Так и Ханой: днем – это один город, а ночью – совсем иной. Днем город тает в жаре, сжигается солнцем, а ночью окутывается сырой тропической тьмой, перемежаемой островками света. Влажный ночной аромат Красной реки смешивается с запахом цветов и специй.
Днем многим, чтобы выжить, надо успеть на три(!) работы. Здесь не знают сиесты, распространенной в жарких странах. Все трудятся непрерывно полный день. Ханойцам живется трудно. Улыбаются они редко. Однако бедность сочетается с опрятностью: чистенькие и нарядно одетые дети, мужчины в отглаженных светлых сорочках, изящные женщины в шелковых брючках и платьях аодай с разрезами по бокам, от чего подол развевается, как крылья бабочки. Женские лица прикрыты от пыли и солнца повязками из ткани, а руки – шелковыми перчатками.

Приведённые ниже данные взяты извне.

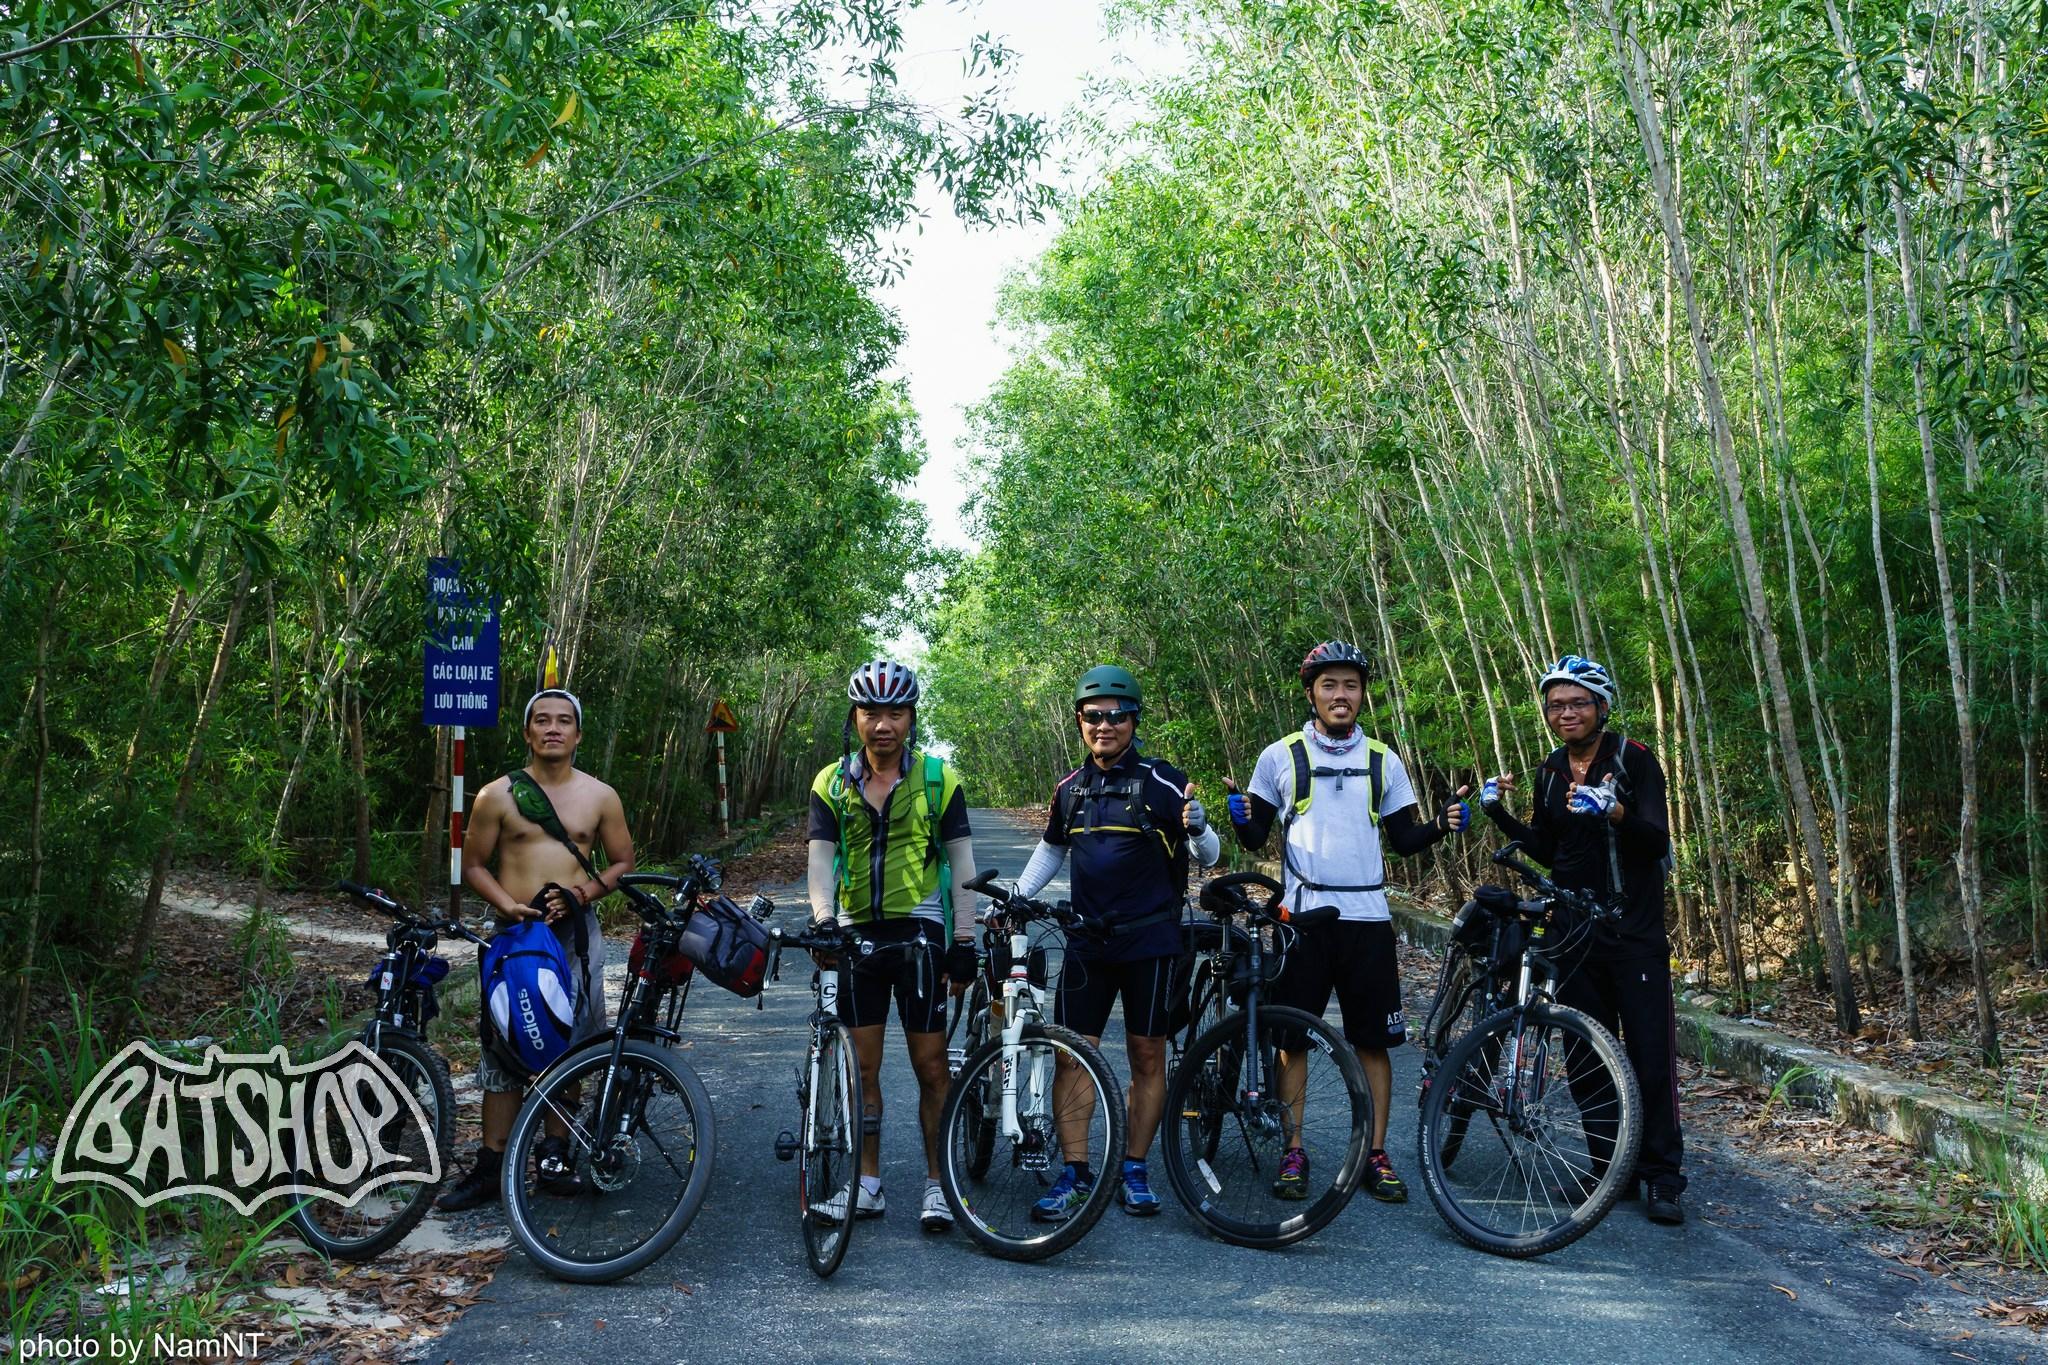 20459127340 da63e6571e k - Hồ Cần Nôm-Dầu Tiếng chuyến đạp xe, băng rừng, leo núi, tắm hồ, mần gà

Хотя безработица, несмотря на социализм, во Вьетнаме большая, к счастью, в стране присутствует и капитализм с мелкой частной собственностью и малым (очень малым!) бизнесом. Он помогает выживать. Почти при каждом жилом доме существует или маленькая торговая лавочка, или крошечное кафе в один-два столика, или ремонтная мастерская, или какое-то мелкое ремесло – пошив одежды или обуви, изготовление мебели, сувениров или чего-то другого, на что способна фантазия умельцев. Больше всего процветает уличная торговля. Везде, куда ни глянешь, глаз выловит продавца в шляпе конусом с коромыслом наперевес. Сгибаясь под тяжестью, он бежит куда-то мелкими шагами со своим нехитрым товаром.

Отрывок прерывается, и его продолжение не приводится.